Final answer:
The value of the C-intercept in this scenario represents the cost of a call when it lasts for zero minutes. By finding the slope of the line and using the slope-intercept form, we can determine the value of the C-intercept. In this case, the C-intercept is $0.12.
Step-by-step explanation:
The C-intercept in this scenario represents the cost of a call when it lasts for zero minutes. To find the value of the C-intercept, we need to determine the cost of a call when it lasts for zero minutes. From the given information, we can see that a 10-minute call costs $1.20, a 15-minute call costs $1.80, and a 20-minute call costs $2.40.

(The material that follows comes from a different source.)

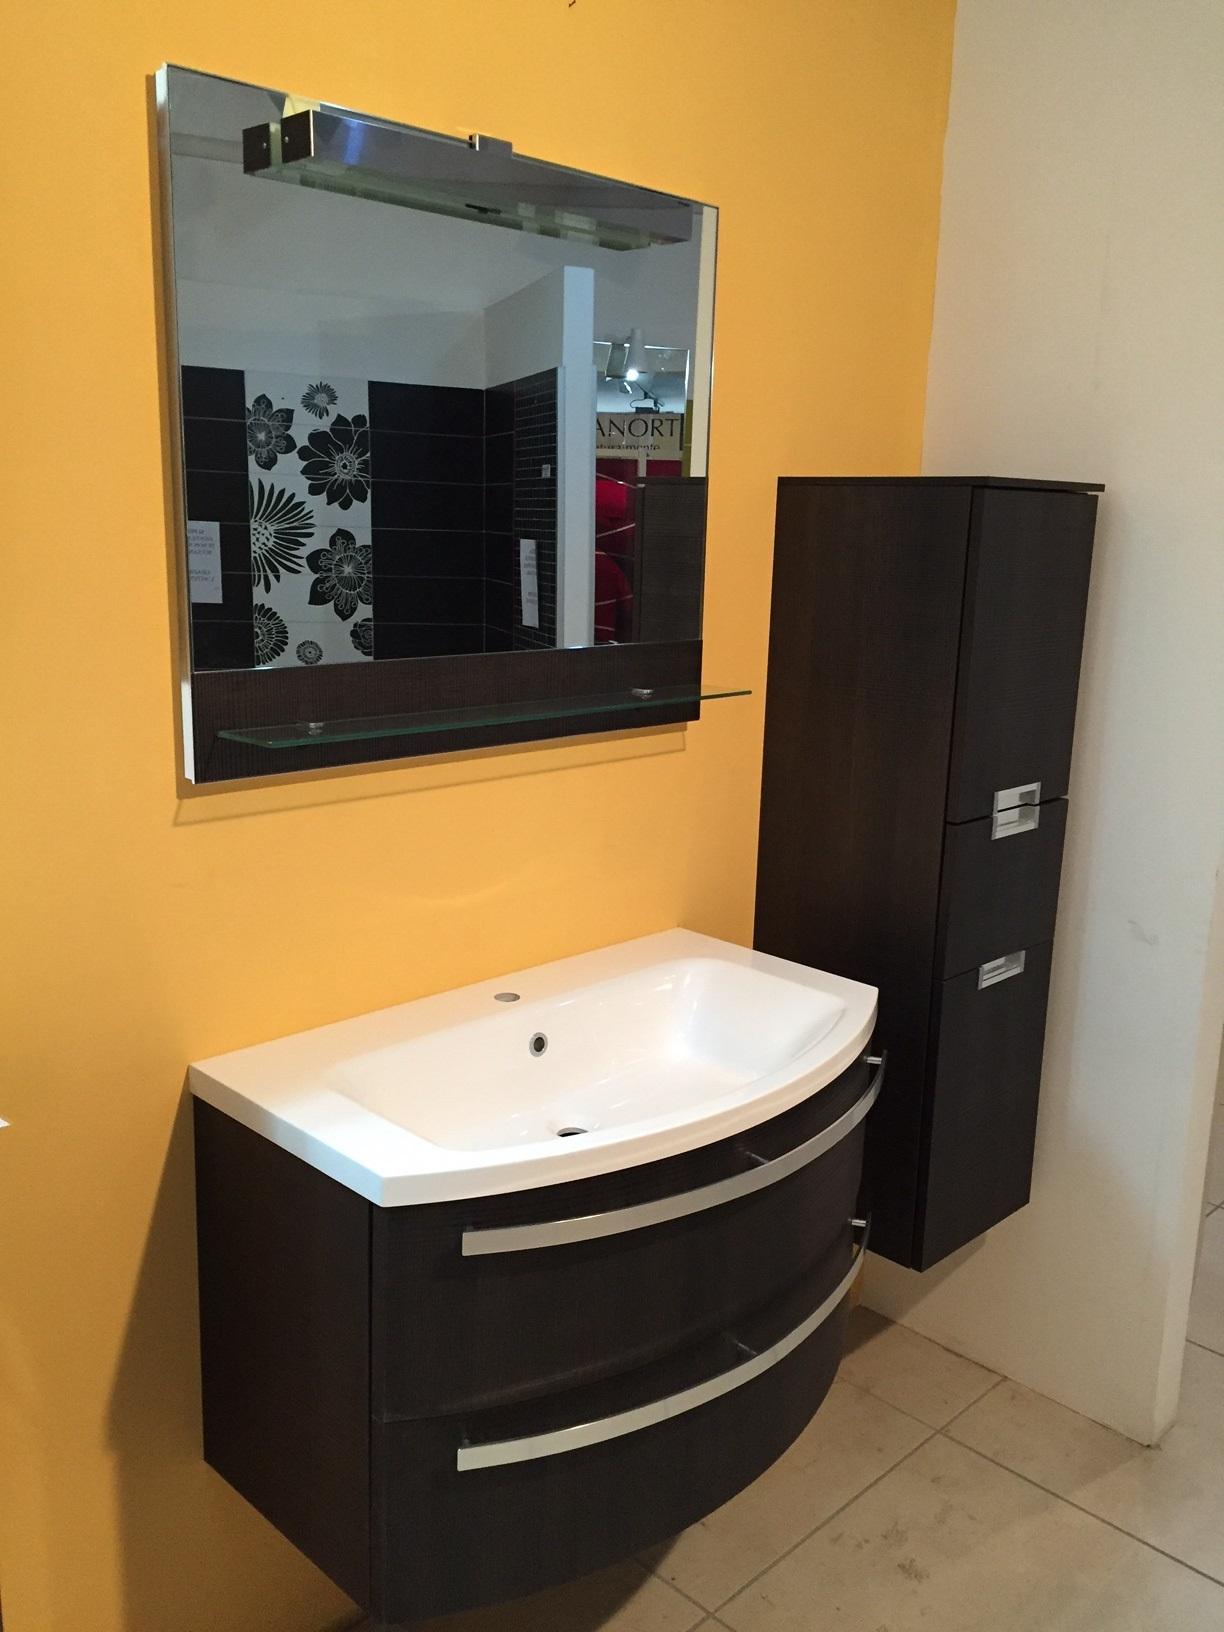 Mobili da bagno ad angolo stunning angoliera mobile ad angolo anta with mobili da bagno ad - Mobili da bagno angolari ...

If we assume that the relationship between the cost of the call and the duration of the call is linear, we can find the slope of the line using the formula m = ΔC / ΔX, where ΔC is the change in cost and ΔX is the change in duration. In this case, ΔC = $2.40 - $1.20 = $1.20 and ΔX = 20 - 10 = 10.
Therefore, the slope of the line is m = $1.20 / 10 = $0.12. The equation of the line can be written as C = mx + b, where C is the cost of the call, x is the duration of the call, m is the slope, and b is the y-intercept. Substituting the values, we have C = $0.12x + b.
Since the C-intercept represents the cost of a call when it lasts for zero minutes, we can substitute x = 0 in the equation and solve for b. C = $0.12(0) + b, which simplifies to C = b. Therefore, the value of the C-intercept is $0.12.